#### [Goal of the exercise]
All of the data needs to be reproduced with no alterations.

▬▬▬▬▬▬

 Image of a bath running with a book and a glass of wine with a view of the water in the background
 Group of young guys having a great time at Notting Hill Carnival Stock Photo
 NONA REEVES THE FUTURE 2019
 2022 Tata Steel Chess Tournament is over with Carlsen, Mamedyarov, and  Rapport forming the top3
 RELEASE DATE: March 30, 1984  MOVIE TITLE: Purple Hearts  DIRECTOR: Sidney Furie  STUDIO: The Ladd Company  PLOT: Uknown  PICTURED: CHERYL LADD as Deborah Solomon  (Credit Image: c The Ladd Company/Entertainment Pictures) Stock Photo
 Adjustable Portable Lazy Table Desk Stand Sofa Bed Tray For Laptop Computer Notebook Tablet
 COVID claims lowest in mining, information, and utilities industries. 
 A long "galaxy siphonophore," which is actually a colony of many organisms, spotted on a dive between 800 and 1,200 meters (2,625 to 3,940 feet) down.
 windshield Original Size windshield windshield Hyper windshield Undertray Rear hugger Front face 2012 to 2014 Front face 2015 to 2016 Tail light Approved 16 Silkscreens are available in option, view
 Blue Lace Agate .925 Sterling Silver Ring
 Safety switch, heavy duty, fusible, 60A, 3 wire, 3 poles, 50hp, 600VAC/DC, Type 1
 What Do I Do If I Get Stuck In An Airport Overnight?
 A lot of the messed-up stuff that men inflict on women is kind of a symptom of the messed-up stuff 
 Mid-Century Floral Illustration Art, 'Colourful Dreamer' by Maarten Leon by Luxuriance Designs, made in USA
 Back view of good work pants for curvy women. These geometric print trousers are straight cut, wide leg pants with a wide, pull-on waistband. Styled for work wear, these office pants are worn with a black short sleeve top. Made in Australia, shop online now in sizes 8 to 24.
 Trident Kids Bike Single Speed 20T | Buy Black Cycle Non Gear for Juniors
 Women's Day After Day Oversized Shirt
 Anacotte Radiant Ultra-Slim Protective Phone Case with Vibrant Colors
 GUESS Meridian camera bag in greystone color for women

▬▬▬▬▬▬

#### [Result of this exercise]
 Image of a bath running with a book and a glass of wine with a view of the water in the background
 Group of young guys having a great time at Notting Hill Carnival Stock Photo
 NONA REEVES THE FUTURE 2019
 2022 Tata Steel Chess Tournament is over with Carlsen, Mamedyarov, and  Rapport forming the top3
 RELEASE DATE: March 30, 1984  MOVIE TITLE: Purple Hearts  DIRECTOR: Sidney Furie  STUDIO: The Ladd Company  PLOT: Uknown  PICTURED: CHERYL LADD as Deborah Solomon  (Credit Image: c The Ladd Company/Entertainment Pictures) Stock Photo
 Adjustable Portable Lazy Table Desk Stand Sofa Bed Tray For Laptop Computer Notebook Tablet
 COVID claims lowest in mining, information, and utilities industries. 
 A long "galaxy siphonophore," which is actually a colony of many organisms, spotted on a dive between 800 and 1,200 meters (2,625 to 3,940 feet) down.
 windshield Original Size windshield windshield Hyper windshield Undertray Rear hugger Front face 2012 to 2014 Front face 2015 to 2016 Tail light Approved 16 Silkscreens are available in option, view
 Blue Lace Agate .925 Sterling Silver Ring
 Safety switch, heavy duty, fusible, 60A, 3 wire, 3 poles, 50hp, 600VAC/DC, Type 1
 What Do I Do If I Get Stuck In An Airport Overnight?
 A lot of the messed-up stuff that men inflict on women is kind of a symptom of the messed-up stuff 
 Mid-Century Floral Illustration Art, 'Colourful Dreamer' by Maarten Leon by Luxuriance Designs, made in USA
 Back view of good work pants for curvy women. These geometric print trousers are straight cut, wide leg pants with a wide, pull-on waistband. Styled for work wear, these office pants are worn with a black short sleeve top. Made in Australia, shop online now in sizes 8 to 24.
 Trident Kids Bike Single Speed 20T | Buy Black Cycle Non Gear for Juniors
 Women's Day After Day Oversized Shirt
 Anacotte Radiant Ultra-Slim Protective Phone Case with Vibrant Colors
 GUESS Meridian camera bag in greystone color for women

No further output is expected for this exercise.